How well do your observations end? What are the last words you say to a classroom teacher after witnessing a lesson that tries—and fails—to be culturally responsive? While communicating your high standards, do you reassure the teacher about your support along the journey to getting better? How do your own interactions with students, which tend to happen during the students' best or worst days in school (as you either mete out discipline or celebrate some great accomplishment) end? Do you take that extra moment to acknowledge something that makes them feel like the interaction was more than a detached visit from "on high?" Do you ask one more question that's not about their school performance? Or provide a quick revelation about yourself that rounds out their perception of you? All of these can be a splash of warm water that makes all the difference.

A Difficult Year

And finally, back to the 2020–2021 school year: It matters how we, together, end this thing. We've experienced a year-long deadly pandemic, a summer of racialized brutality and seismic resistance, a fraught presidential election and an insurrection, and a sudden bath of virtual learning that, for many of us who find sustenance in relationships, more often than not felt ice-cold. We could use a splash of warm water.

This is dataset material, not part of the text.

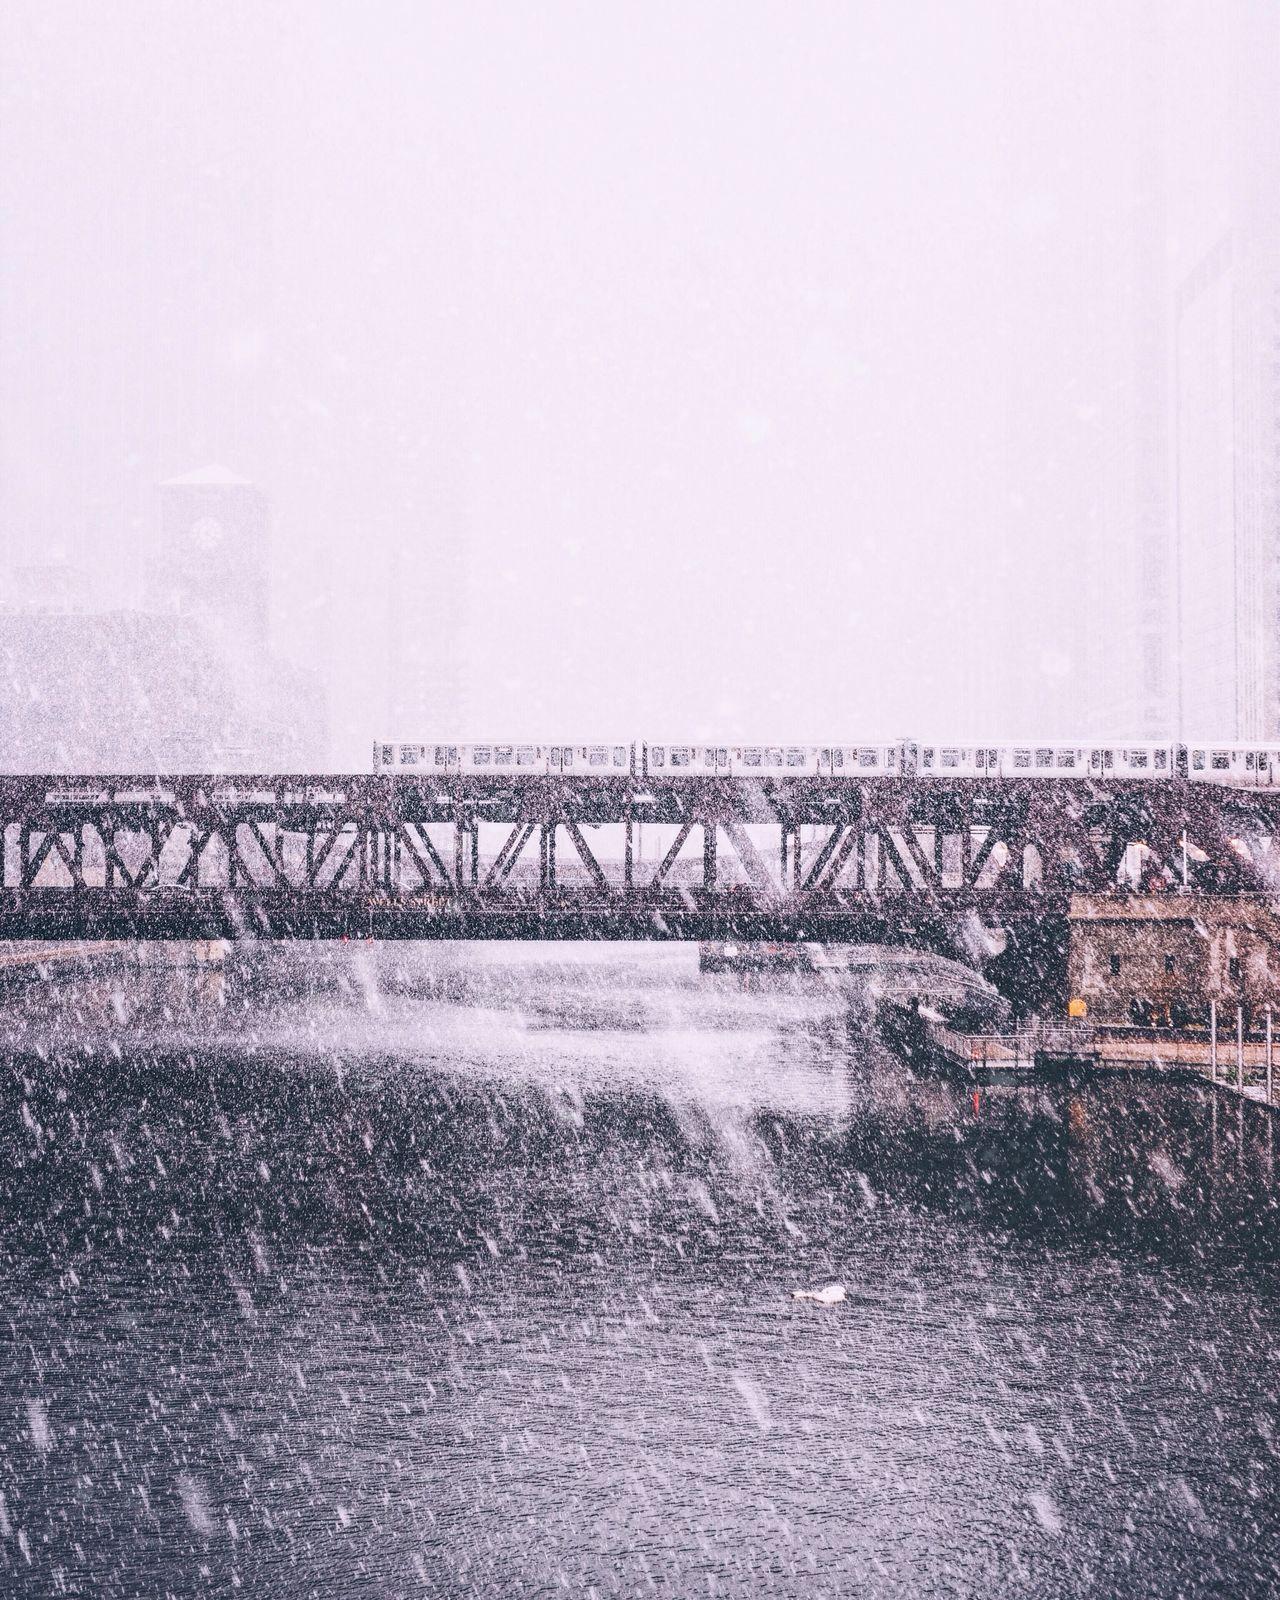 Built Structure No People Architecture Bridge - Man Made Structure Winter EyeEm Best Shots Chicago Snow Lake Effect

In these last two months, it matters how we treat each other. Leaders, this may not be the time to announce that new initiative that you've been dreaming up. Your staff is tired. What can you take off their plates? Classroom teachers, your kids have just about made it. Clear the field. Offer that extension. Excuse that assignment. Round up that last project grade if it gives a kid's final report card grade a bit of a boost.

We all have the power to impact how the folks who share our school communities remember this time. Let us, by showing grace, make the memory of this stormy school year just a bit more peaceful.